The court distinguished basketball legend Michael Jordan’s recent lawsuit against Jewel food stores for taking out an ad in Sports Illustrated, ostensibly for commending Jordan on his recent basketball hall of fame induction.

The Seventh Circuit there found that Jewel’s conduct clearly aimed to associate Jordan with Jewel’s brand and in the process promote Jewel’s supermarkets.  As a result, Jewel’s actions were deemed commercial speech and subject to a higher level of court scrutiny. Jordan v. Jewel Food Stores, Inc., 743 F.3d 509, 515 (7th Cir. 2014).

In the end, the Avvo case turned on this binary question: was Avvo a non-commercial attorney directory with incidental advertising, or was each Avvo attorney profile an advertisement for the competitors’ “Sponsored Listings” (the name ascribed to competing attorneys who paid for ads to be placed on plaintiff’s profile page).

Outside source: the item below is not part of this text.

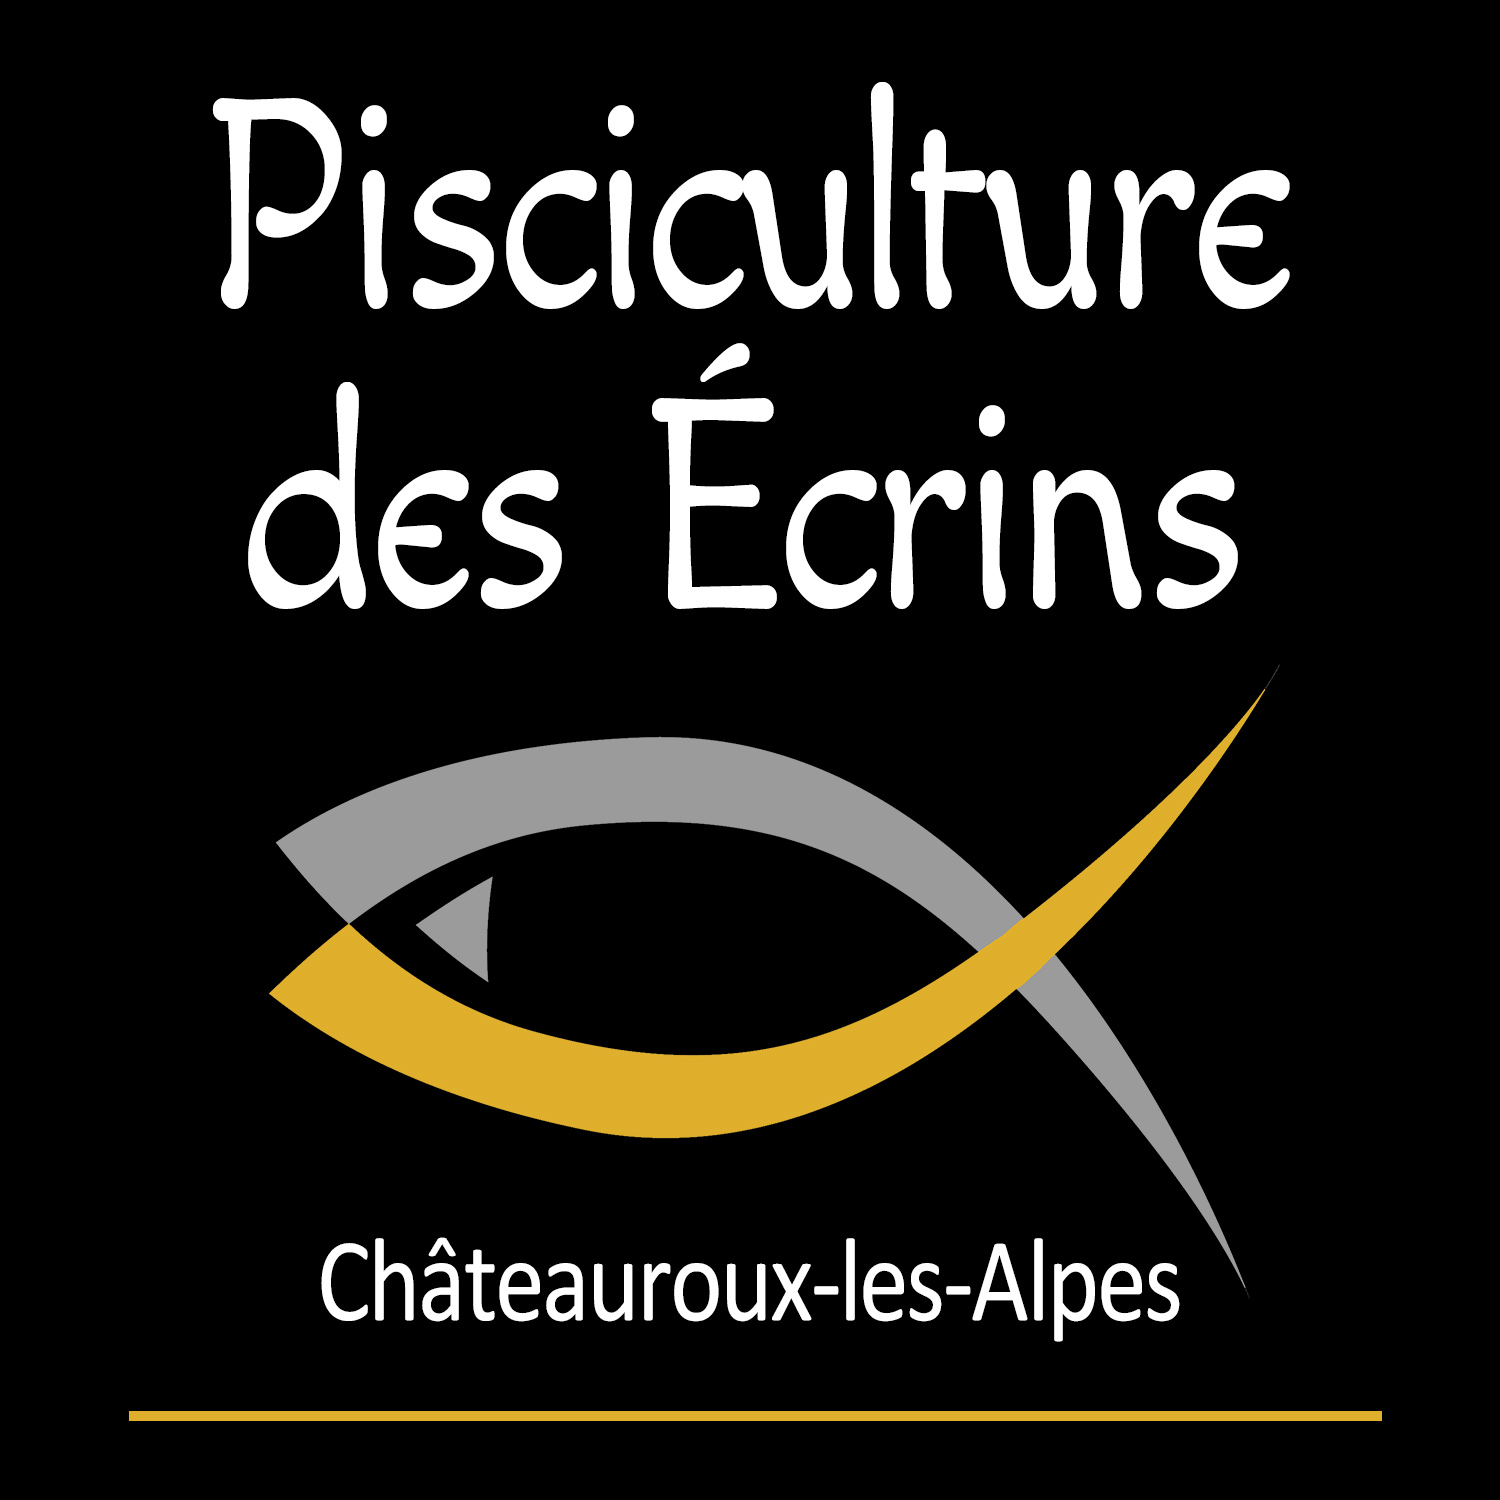 ©Pisciculture des Ecrins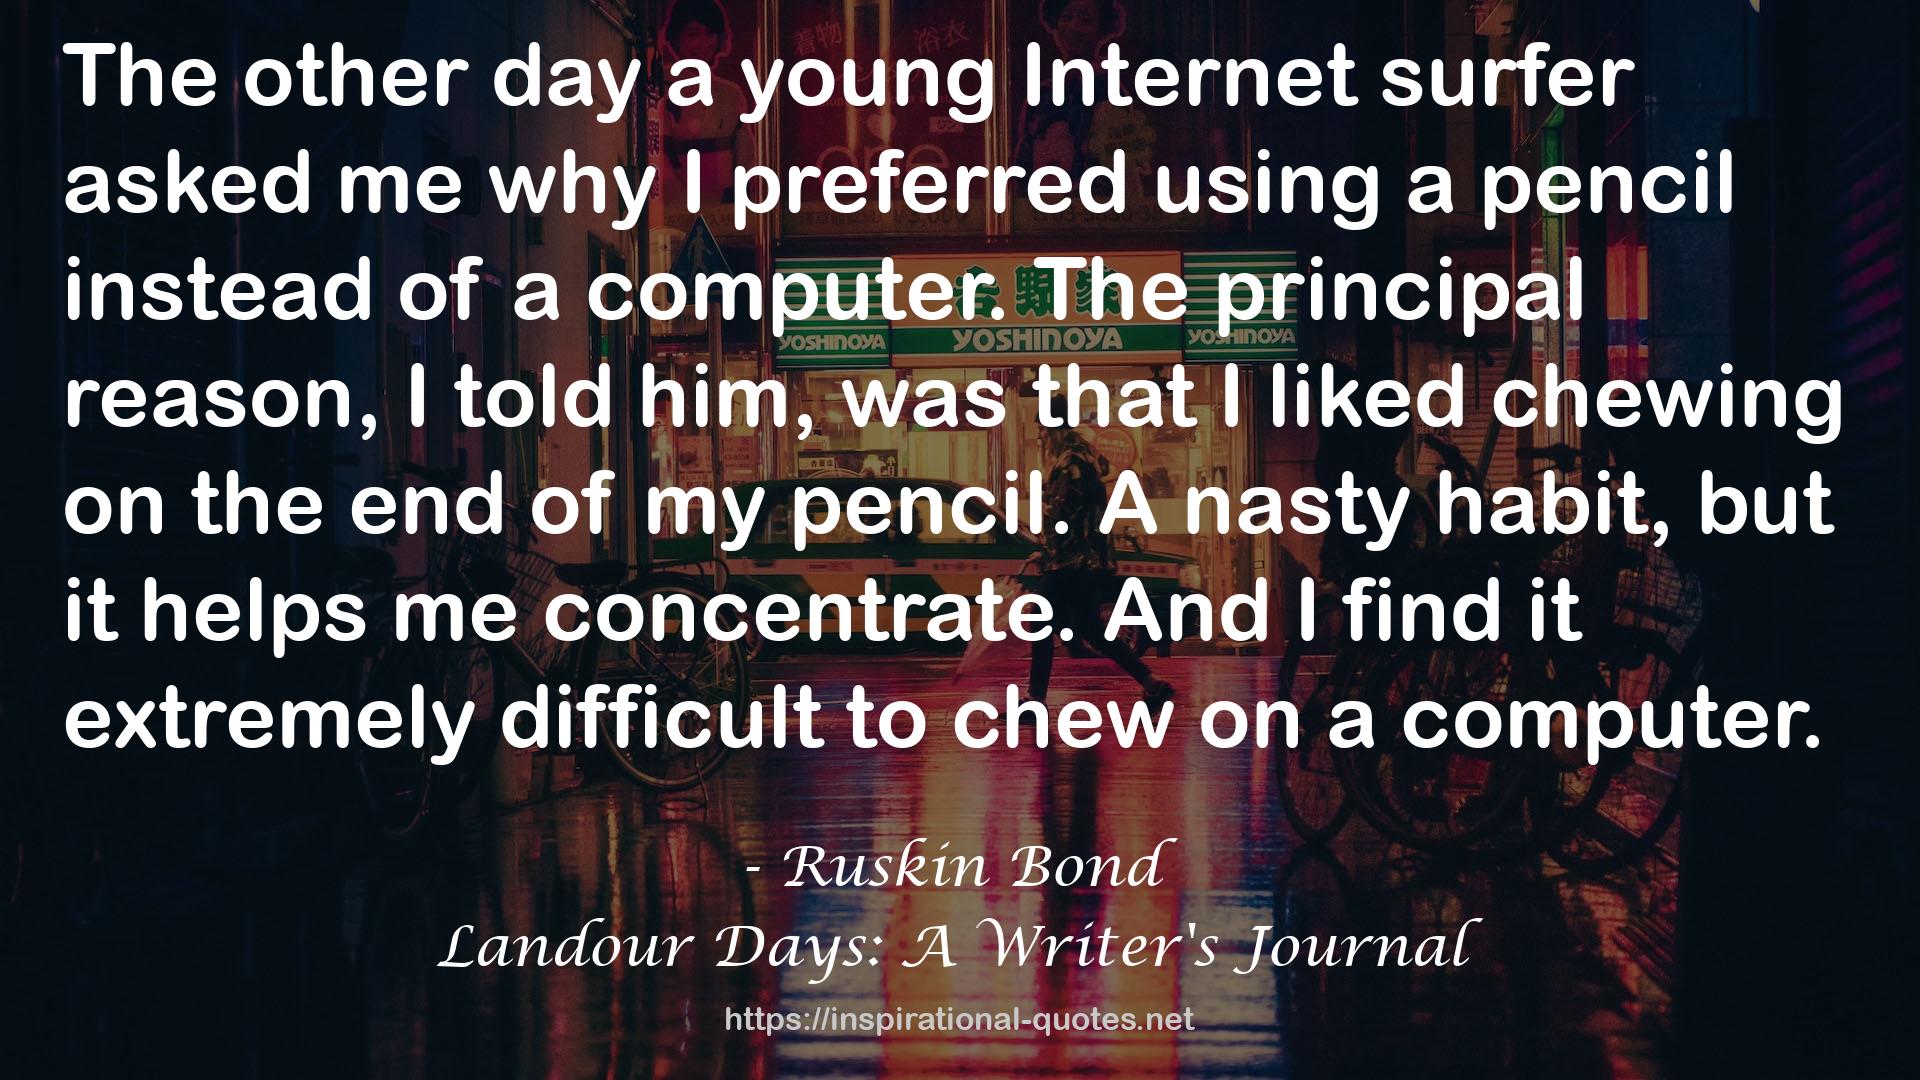 Landour Days: A Writer's Journal QUOTES

Since not every attorney profile contained advertisements and none of the challenged ads used plaintiff’s name, the Court found Avvo was like a newspaper or yellow pages directory entitled to free speech protection.

The Court likened Avvo to Sports Illustrated – a publication that features ads but whose main purpose is non-commercial (i.e. Providing sports news).  Like SI, Avvo publishes non-commercial information – attorney stats – and within that information, places advertisements.

To hold otherwise and allow plaintiff’s publicity suit to go forward, “any entity that publishes truthful newsworthy information about….professionals, such as a newspaper or yellow page directory, would risk civil liability simply because it generated ad revenue” from competing vendors.

Afterword:  This case presents an interesting application of venerable First Amendment principles to the post-modern, computerized context.

A case lesson is that even if speech has some obvious money-making byproducts, it still  can garner constitutional protection where its main purpose is to impart information rather than to attract paying customers.